If your server sends back every default flag, timestamp, empty field, nested SDK object, and transport detail, that output becomes the next input. You changed what the model has to reason over next.
So shape responses for agents:
- omit default false/null noise;
- flatten common read shapes;
- return IDs and summaries when that is enough;
- make verbose mode explicit;
- keep raw SDK output as an escape hatch, not the default.
The model should spend context on the user’s task, not on your vendor’s JSON habits.
This scales better than endpoint-shaped MCP tools
The two-tool pattern is not magic.
You still need a real operation registry.
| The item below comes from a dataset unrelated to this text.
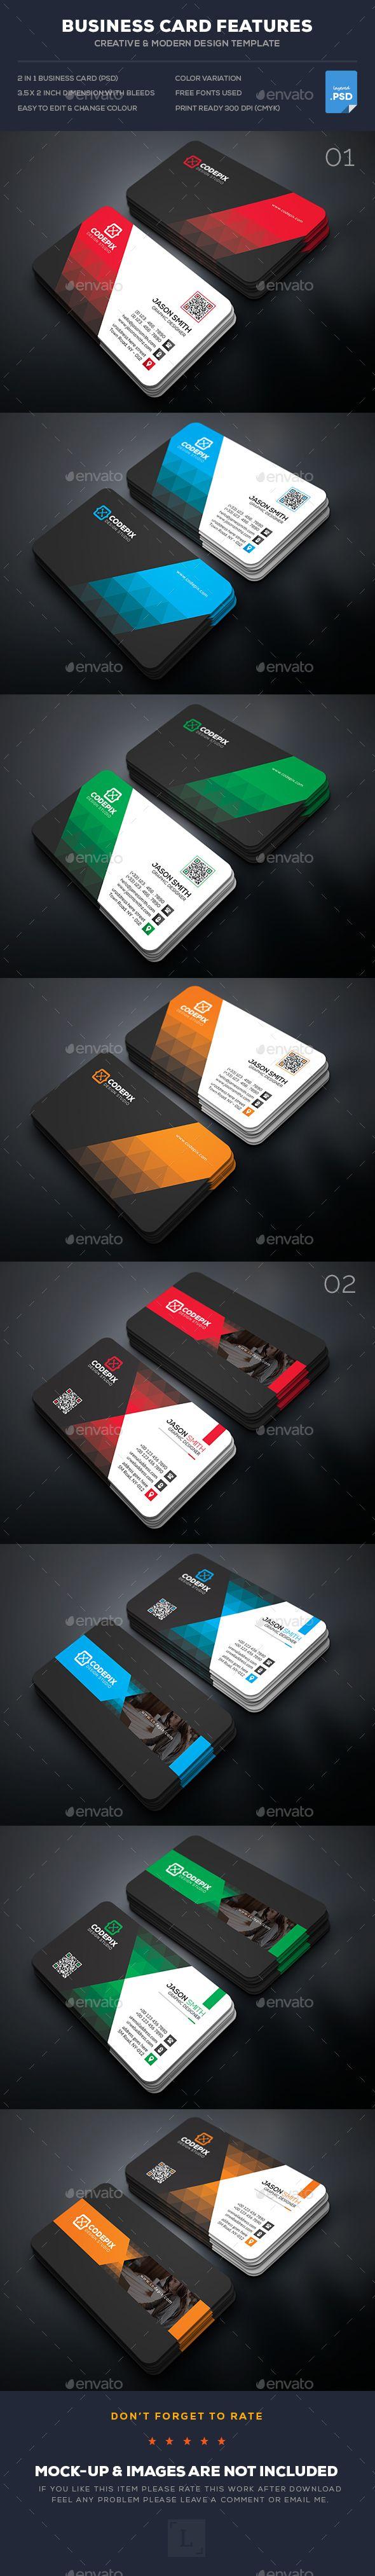 Business Card Bundle - Business Cards Print Templates Download here : https://graphicriver.net/item/business-card-bundle/17655623?s_rank=39&ref=Al-fatih

You still need validation, permissions, batching, rate limits, idempotency, and careful response design.
But it scales in the dimension that matters for AI agents.
Adding operations does not expand the MCP tool list.
Adding entities does not expand the MCP tool list.
Adding optional fields does not force every conversation to carry another schema blob.
The model keeps two stable affordances:
- execute an operation;
- describe an operation.
Everything else is server-side interface design.
The principle
MCP is not just a plugin protocol for AI tools.
It is LLM infrastructure. It is a context protocol.
If you expose twenty tools because your REST API has twenty endpoints, you are making the model pay for your backend architecture. If you connect ten MCP servers built that way, the tool surface becomes its own context problem.
The better MCP server is not the one with the longest tool list.
It is the one that lets the model carry the smallest useful interface while still reaching the full system behind it.
One tool to do the work.
One tool to ask for the shape.
Everything else belongs behind the server.
That is the approach I used in my Notion MCP Server GitHub repository: dozens of operations, two public tools. The package is published as notion-mcp-server on npm.
Not because Notion is special.
Because the pattern applies to any MCP server that would otherwise turn into a schema dump with a transport layer.